There were so many instances growing up when I just didn’t get it. My mom would ramble on and it just went over my head. But, now that I’m a mom I’m starting to get it. It are those feelings, reactions and the thoughts that only come with being a mom. All of these expressions my mom used to say and things she used do keep coming on like tiny light bulbs above my head — NOW I get it. For example…
My mom would remark, “I know where every bathroom is in a tri-county area.” This was mostly due to my sister’s strong sense of thirst (or smallish bladder). At the time it seemed as though she was overreacting. However, I am quickly learning where every bathroom is in the greater Fox Valley region. Okay–you HAVE to pee, I get it.
On more than one occasion my mom threatened to run away. At the time it scared us into getting along. I laugh at it now… only because I have thought this same thing. I have yet to say it out loud, but I know it’s coming. {Sigh} I get it.

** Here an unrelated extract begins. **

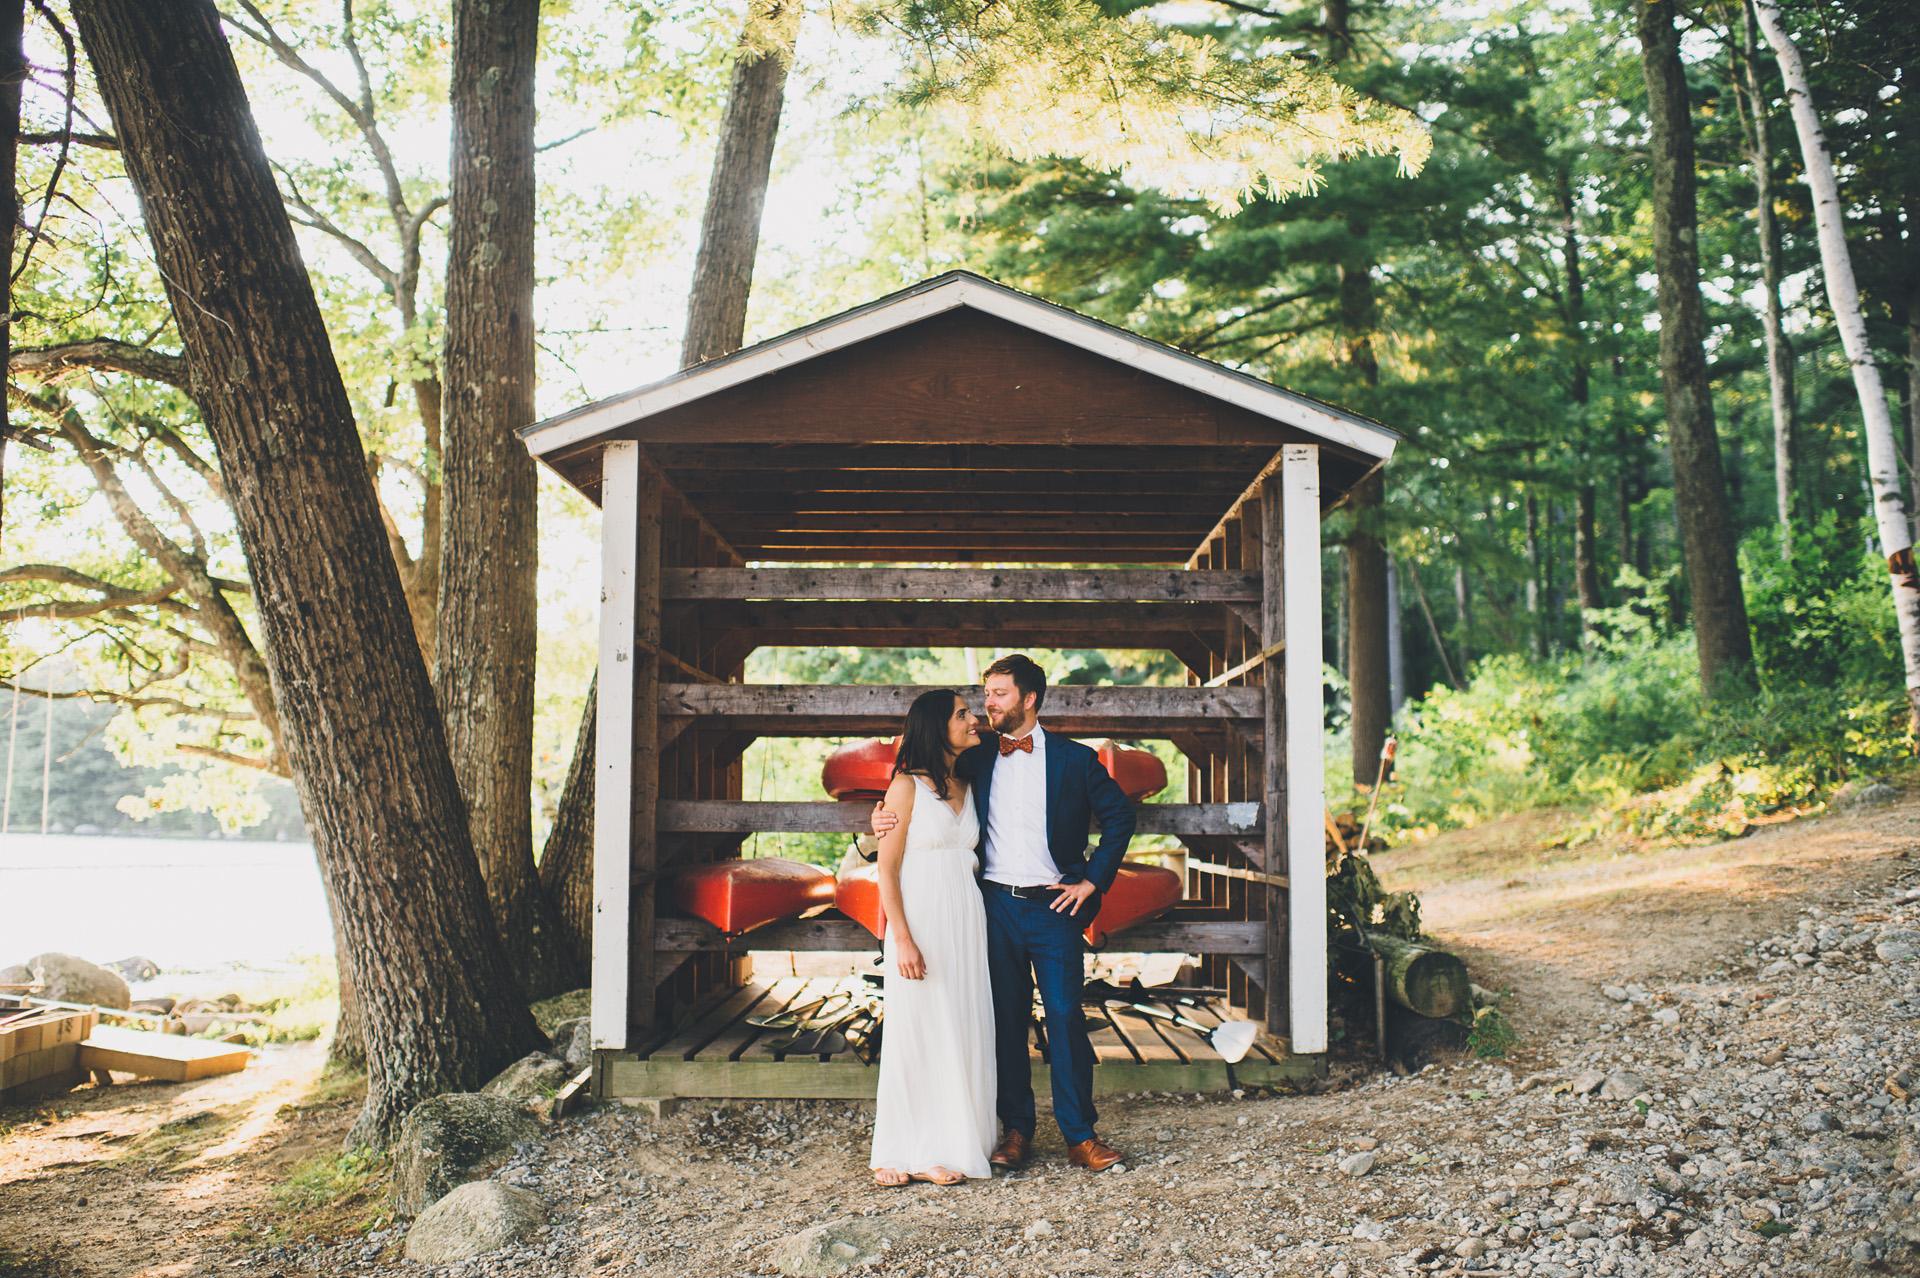 windsor-mountain-summer-camp-wedding-393

My sister and I would whine when my mom would play Saturday at the Seventies on the radio as we were out shopping. We couldn’t understand at that time that there is something soothing and nostalgic about listening to music of your time. I get it now (cue Destiny’s Child).

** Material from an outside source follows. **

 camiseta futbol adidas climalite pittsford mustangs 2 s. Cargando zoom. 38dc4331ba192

While watching The Christmas Story one year, I remember my mom saying, “I’m just like that mom.” Huh? We didn’t eat cabbage soup or have a leg lamp in the window. But, for some reason the following quote resonates through my head at most dinners: My mother had not had a hot meal for herself in 15 years. Or, it may have been the part where she repeated “You’ll shoot your eye out” ump-teen times and Ralphie STILL nearly shot his eye out. Yup, I get it.
I couldn’t understand why my mom would go out for a walk at the crack of dawn — only her and the dog. How lonely, quiet, and dark was that? Oh wait, I totally get it.

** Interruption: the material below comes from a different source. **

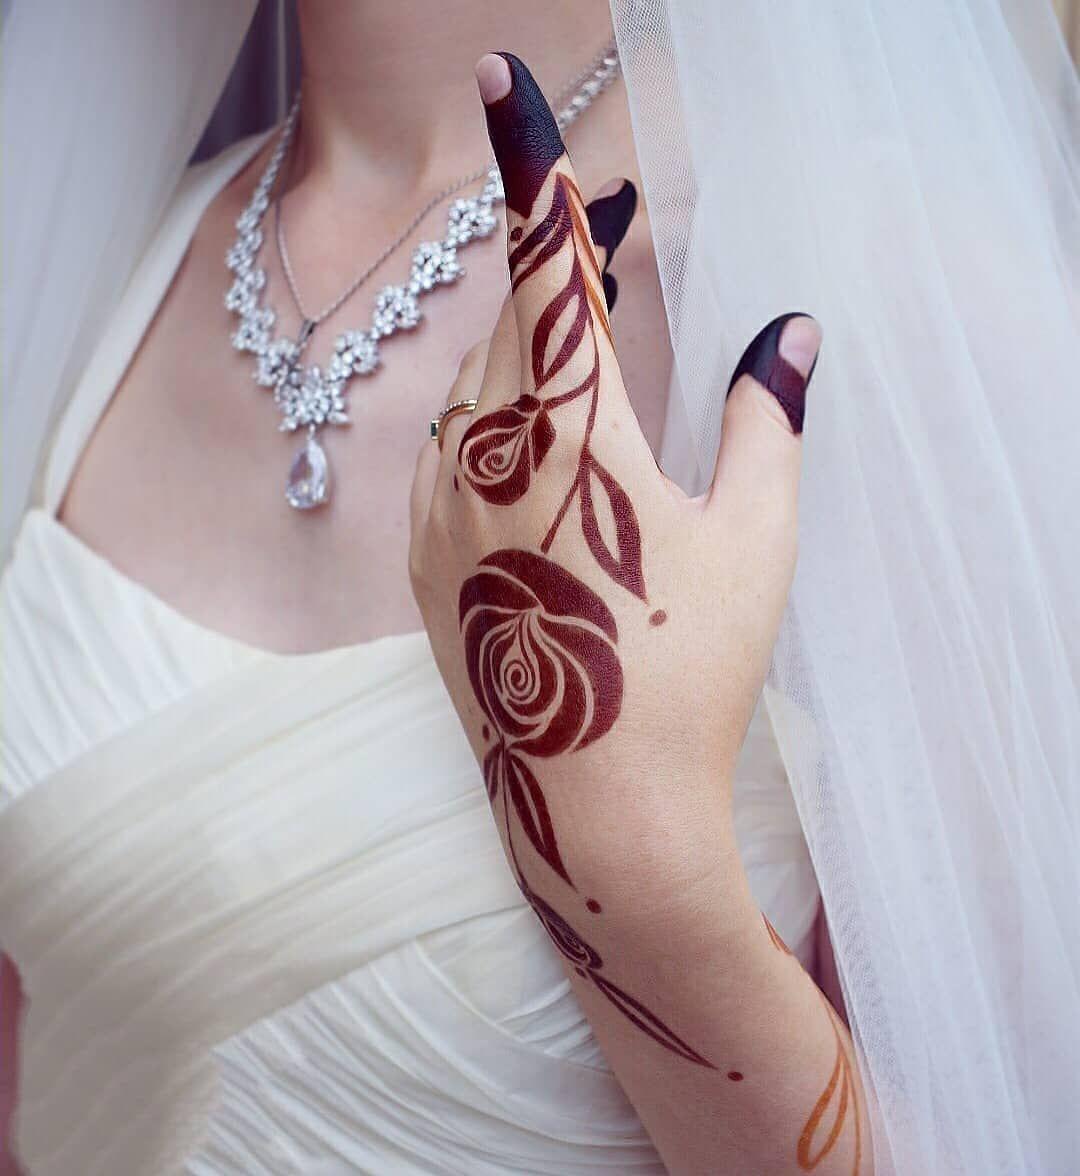 Queen Of Words On Instagram Henna Aafi Writes Dpz Hennatattoo Hennadesign Mehndi Rose Mehndi Designs Mehndi Designs Mehndi Designs For Beginners

I remember my mom saying, “I didn’t mind when my kids were sick because that was the only time they cuddled.” What? Who wants their kids to be sick. Clearly no one. But, those snuggles go by the wayside way too quickly in my book. Sometimes you have to take the cuddles any way you can. I {sniffle} get it.
My mom will still say, “My heart is full. I have all my chicks home.” I loathe the day my chicks move away. Even now, when one of them is gone my house is far too quiet. I wish I didn’t get it.
There are so many it(s) that I have left to experience. I’m sure I will find the right time to use the phrase “life’s not fair” and I will understand why grand kids are better than my own kids. But until then, if you see a cartoon-like light bulb above my head, don’t worry. It’s just me getting it.